## What you need to do
An exact repetition of the data is required; no picture should appear in it.

## Provided data
....

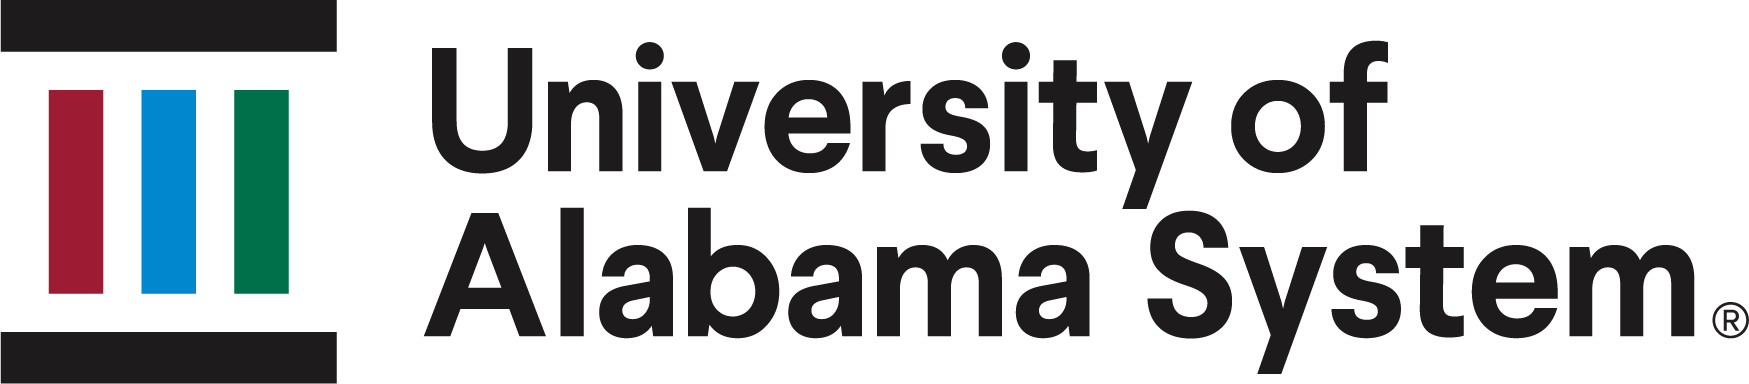 University of Alabama Systems
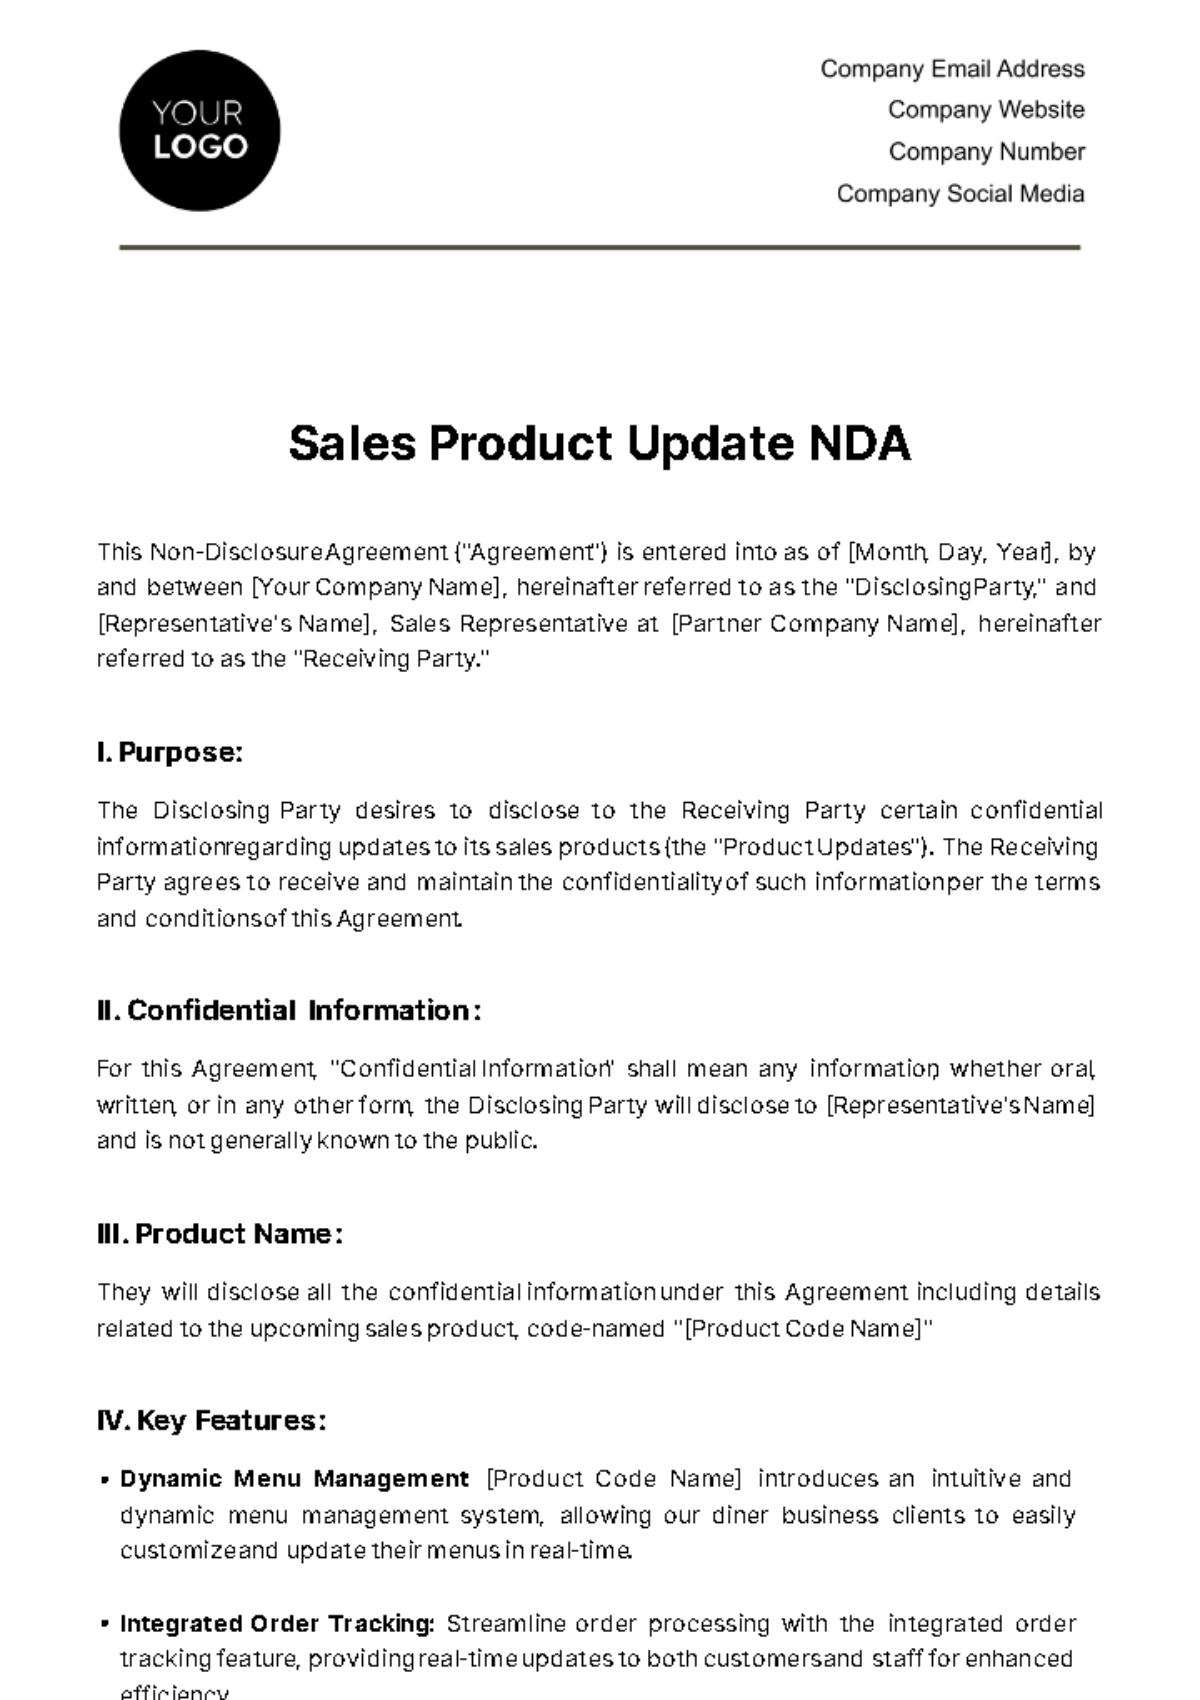 Free Sales Product Update NDA Template
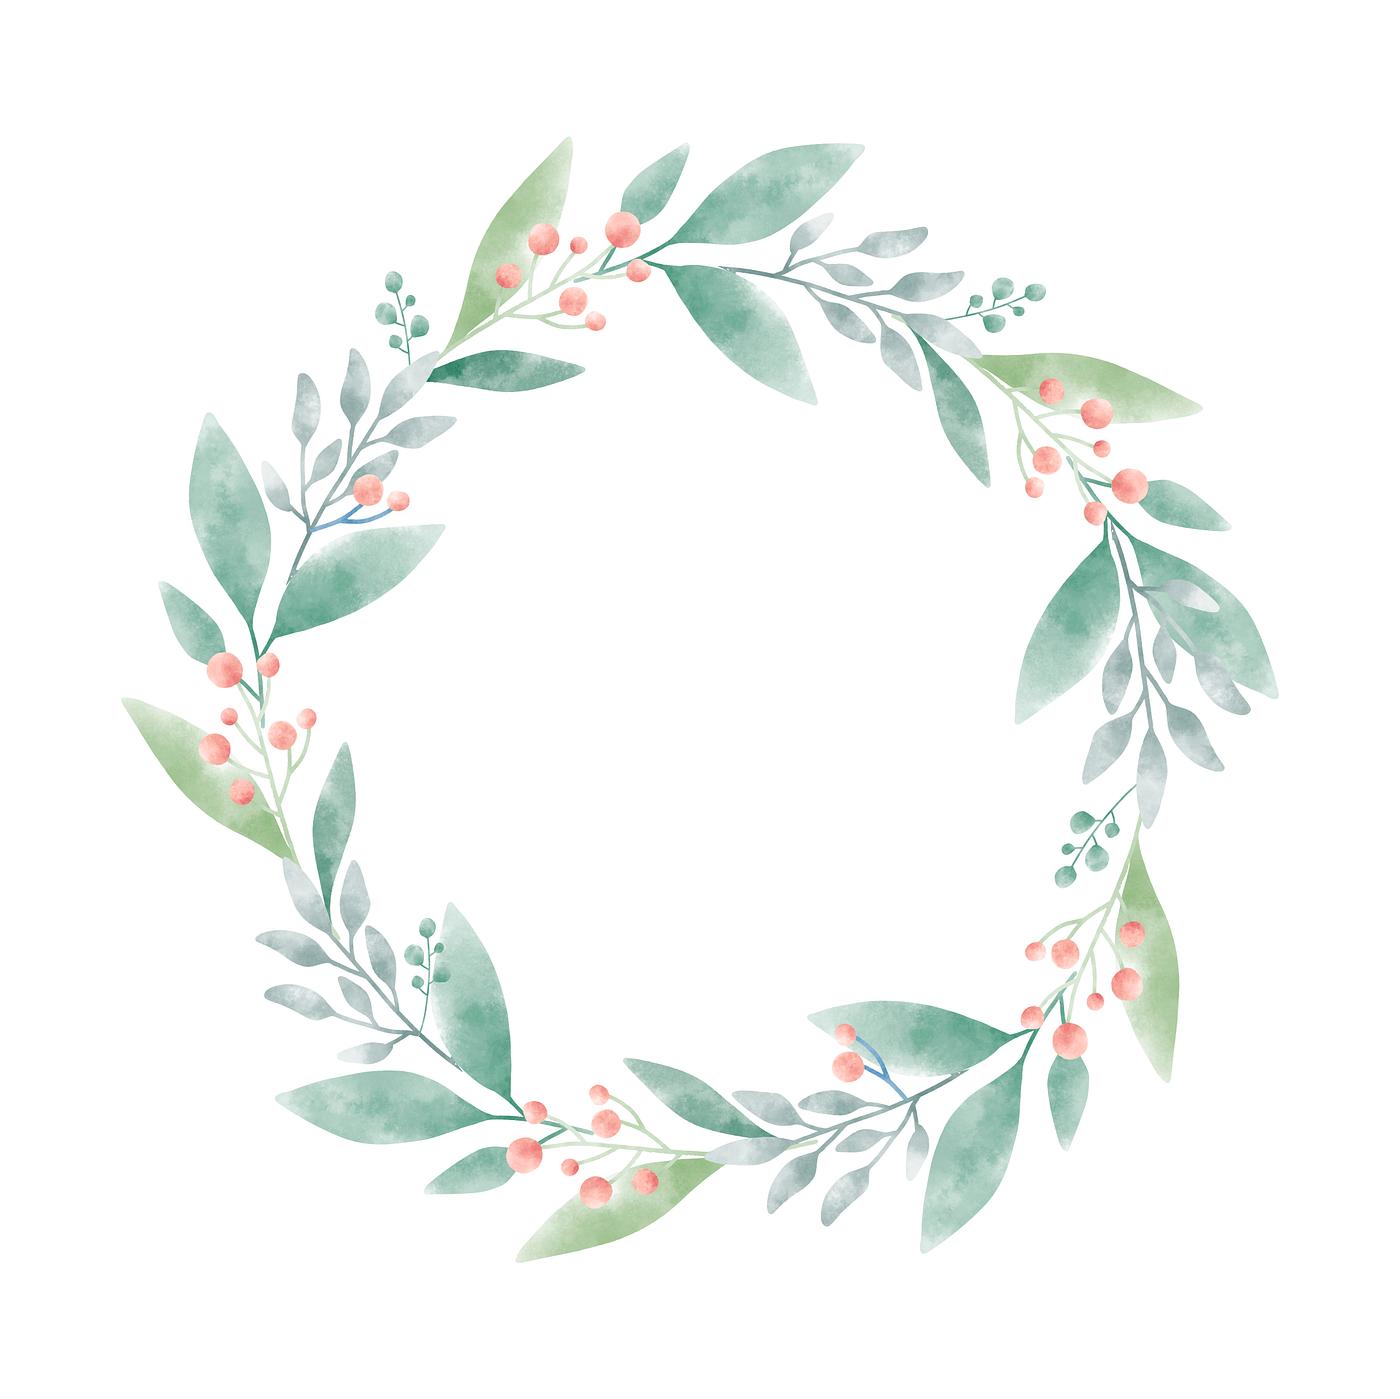 Download Watercolor wreath graphic vector design | Free stock ...
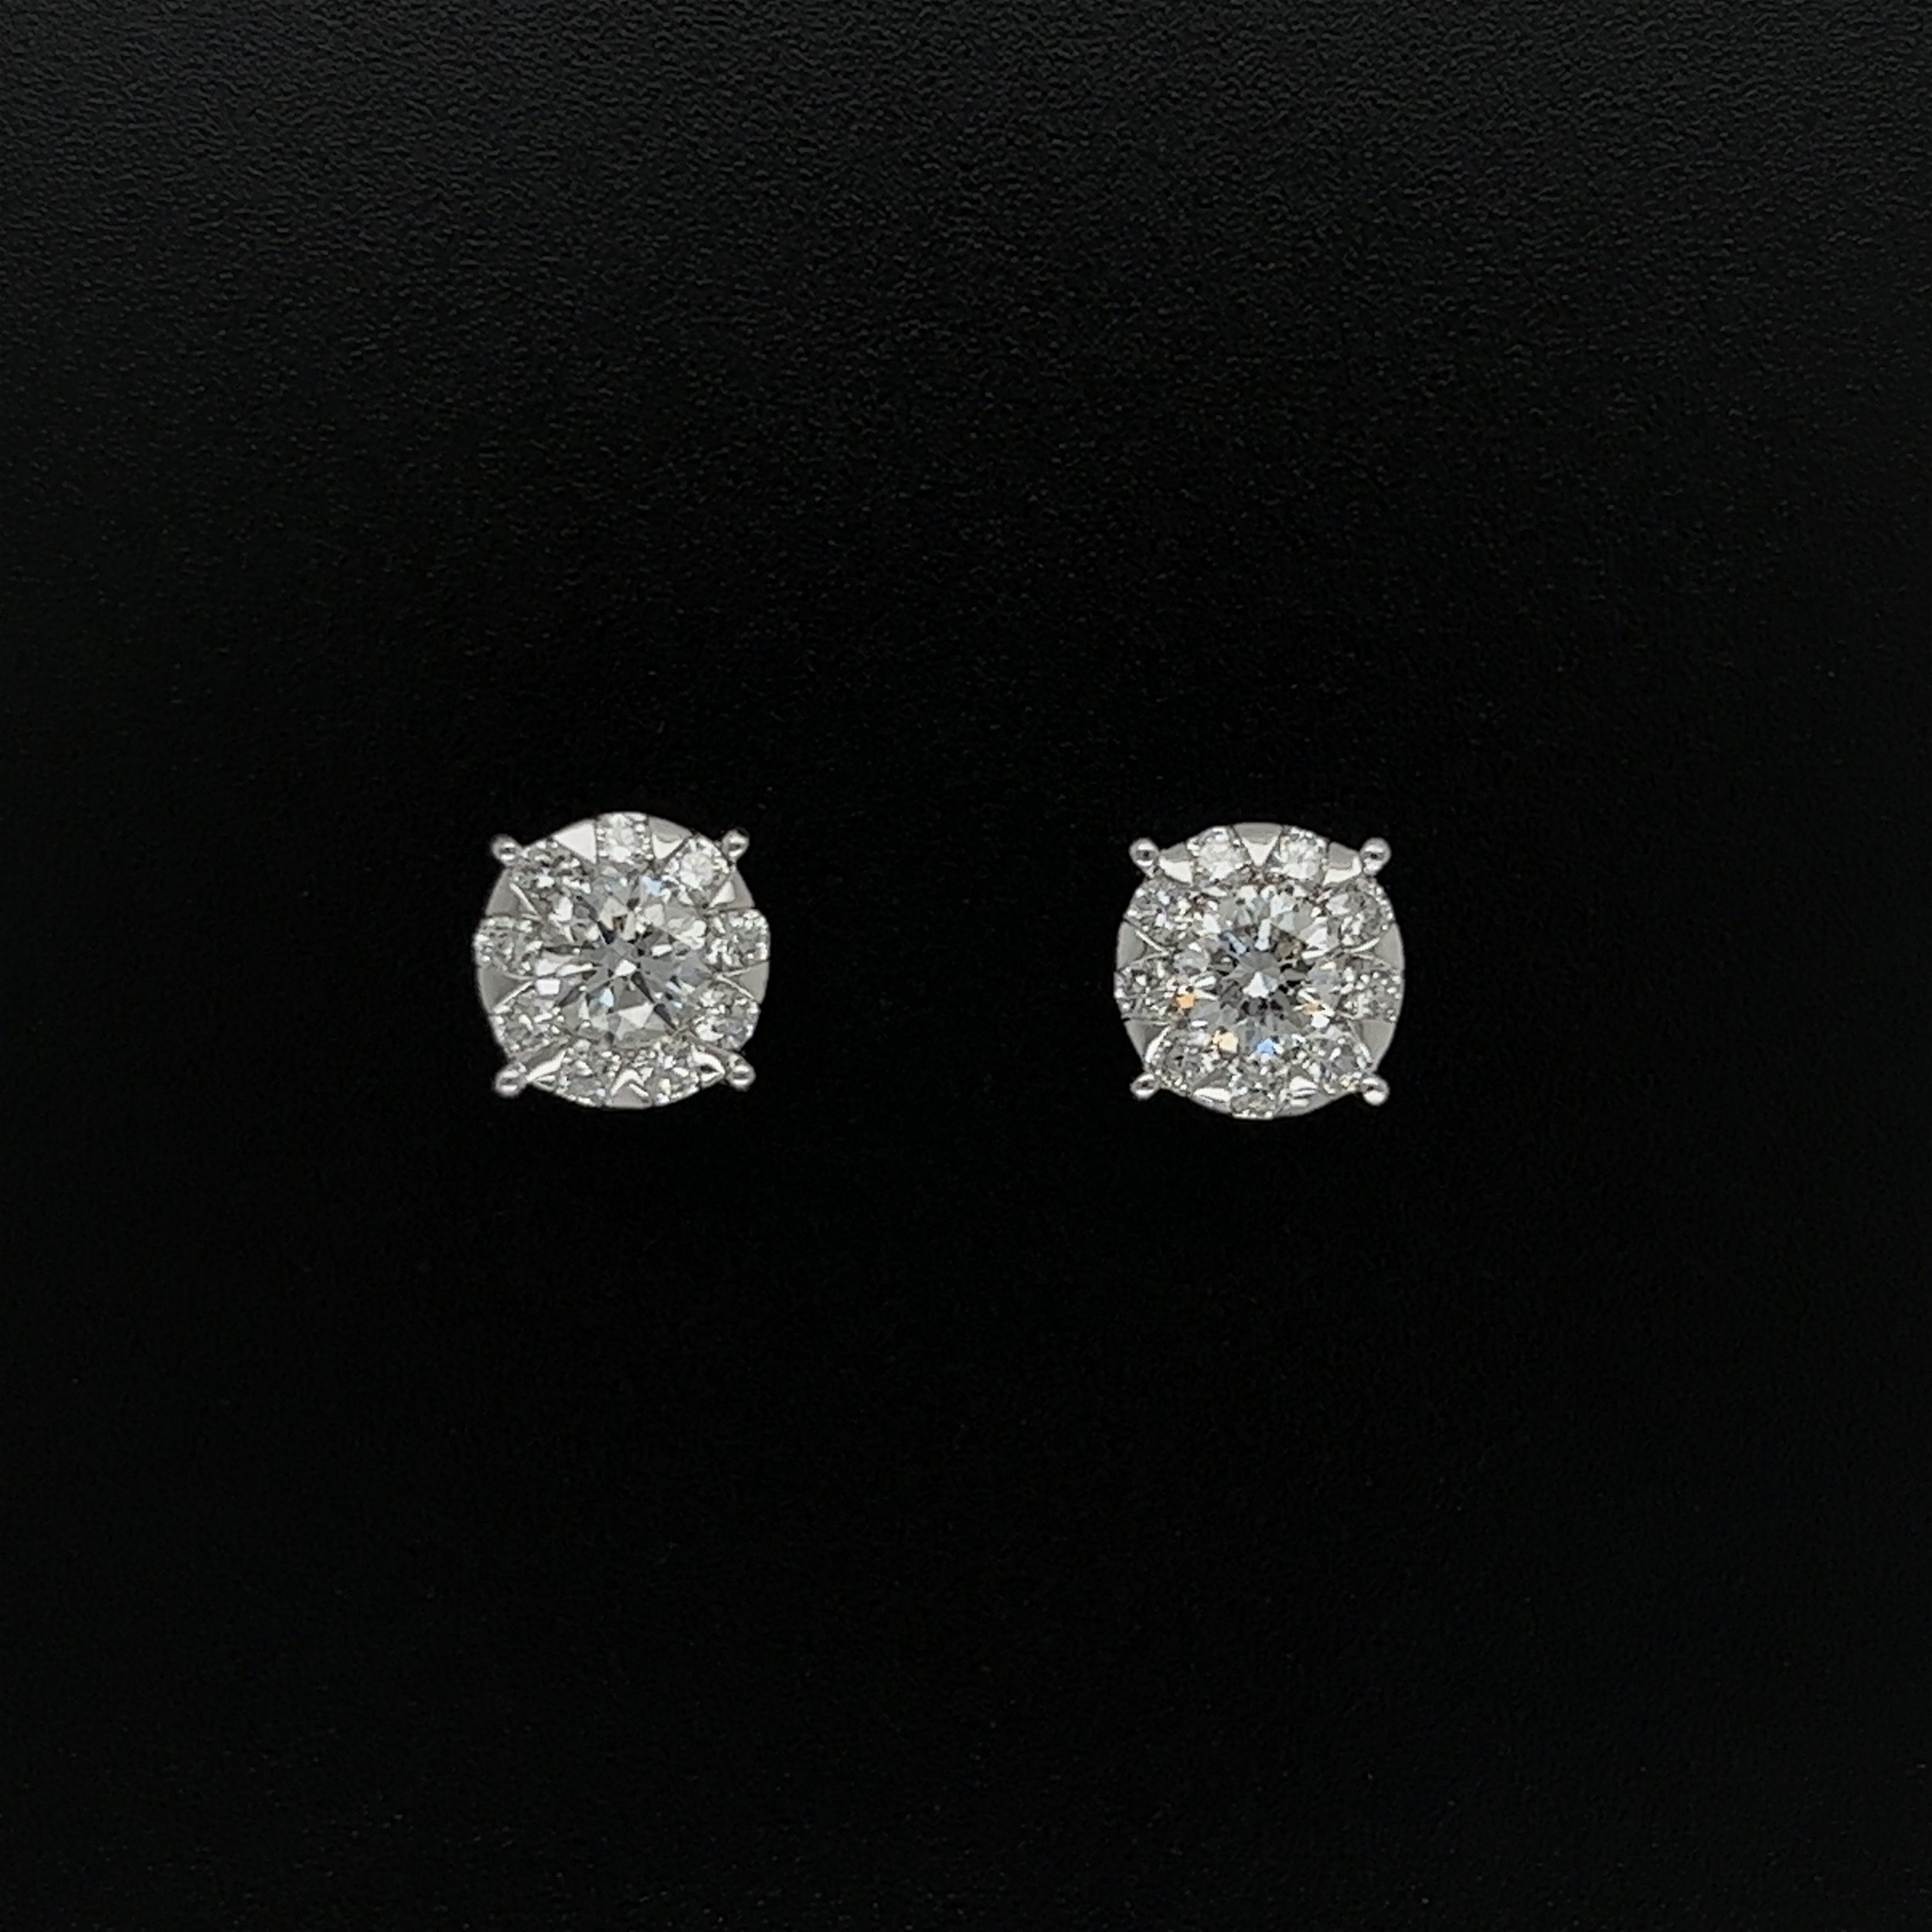 18K WG MEMOIRE 1.03tcw Diamond Cluster Stud Earrings 3.78g, 7.4mm

....

## Finished task
 University of Alabama Systems
 Free Sales Product Update NDA Template
 Download Watercolor wreath graphic vector design | Free stock ...
 18K WG MEMOIRE 1.03tcw Diamond Cluster Stud Earrings 3.78g, 7.4mm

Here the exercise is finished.